By the end of the 19th century, medicine and psychiatry were effectively competing with religion and the law for jurisdiction over sexuality. As a
consequence, discourse about homosexuality expanded from the realms of sin and crime to include that of pathology. This historical shift was generally
considered progressive because a sick person was less blameful than a sinner or criminal (e.g., Chauncey, 1982/1983; D'Emilio & Freedman, 1988;
Duberman, Vicinus, & Chauncey, 1989).
Even within medicine and psychiatry, however, homosexuality was not universally viewed as a pathology. Richard von Kraft-Ebing described it as a
degenerative sickness in his Psychopathia Sexualis, but Sigmund Freud and Havelock Ellis both adopted more accepting stances. Early in the twentieth
century, Ellis (1901) argued that homosexuality was inborn and therefore not immoral, that it was not a disease, and that many homosexuals made
outstanding contributions to society (Robinson, 1976).

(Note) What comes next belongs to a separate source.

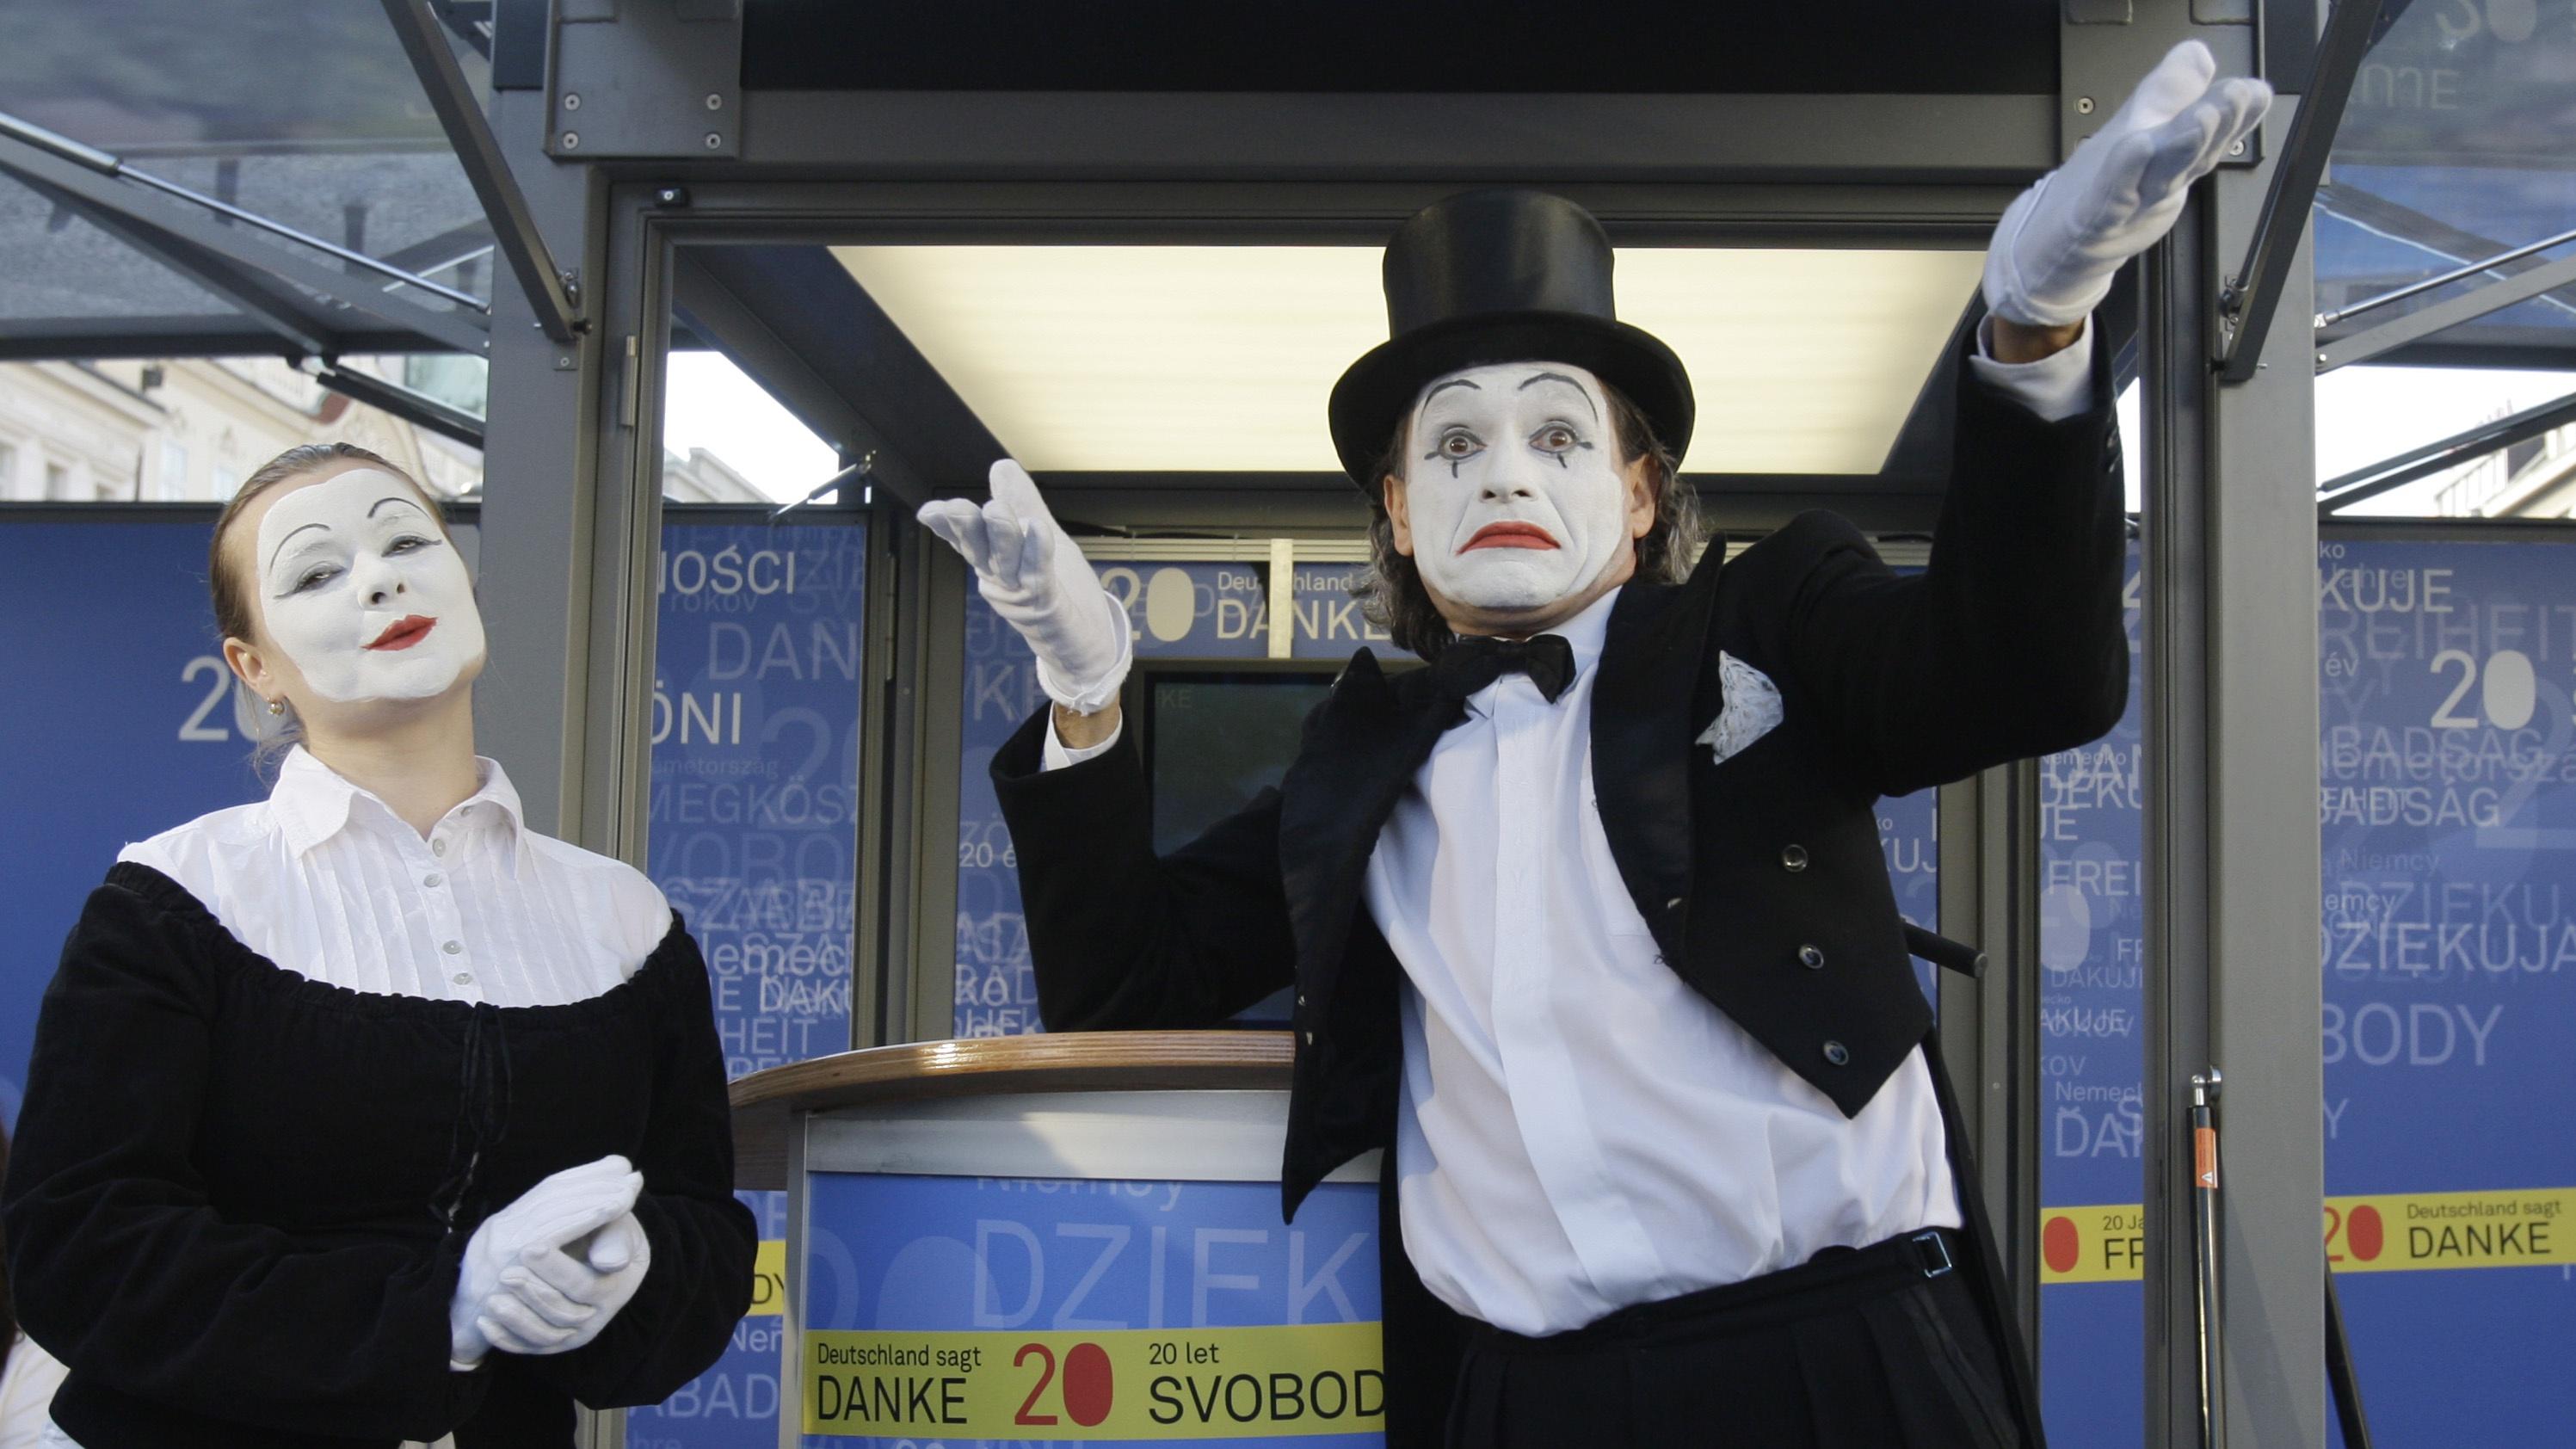 Mimes in Prague, Czech Republic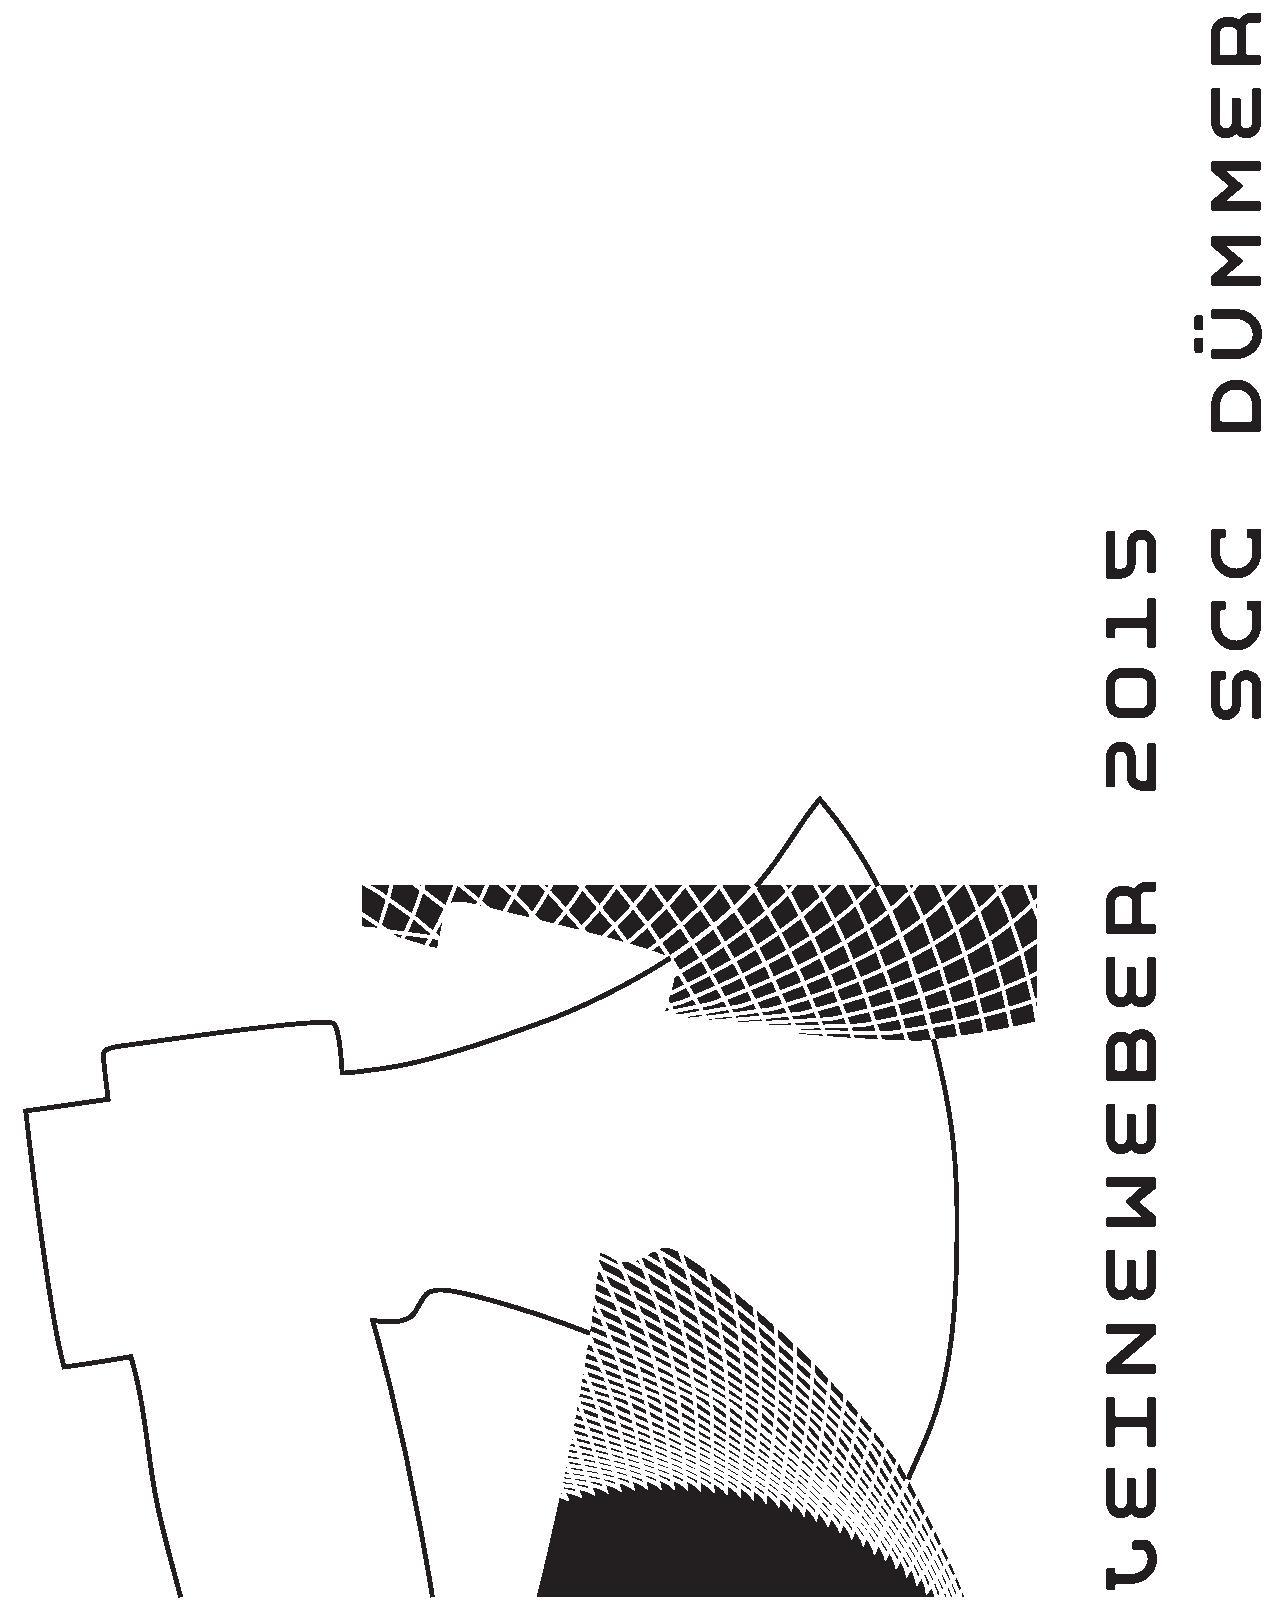 leineweber2015

Sigmund Freud Sigmund Freud's basic theory of human sexuality was different from that of Ellis. He felt that all human beings were innately
bisexual, and that they become heterosexual or homosexual as a result of their experiences with parents and others (Freud, 1905). Nevertheless, Freud
agreed with Ellis that a homosexual orientation should not be viewed as a form of pathology. In a now-famous letter to an American mother in 1935,
Freud wrote:
"Homosexuality is assuredly no advantage, but it is nothing to be ashamed of, no vice, no degradation, it cannot be classified as an illness; we
consider it to be a variation of the sexual function produced by a certain arrest of sexual development. Many highly respectable individuals of
ancient and modern times have been homosexuals, several of the greatest men among them (Plato, Michelangelo, Leonardo da Vinci, etc.). It is a great
injustice to persecute homosexuality as a crime, and cruelty too....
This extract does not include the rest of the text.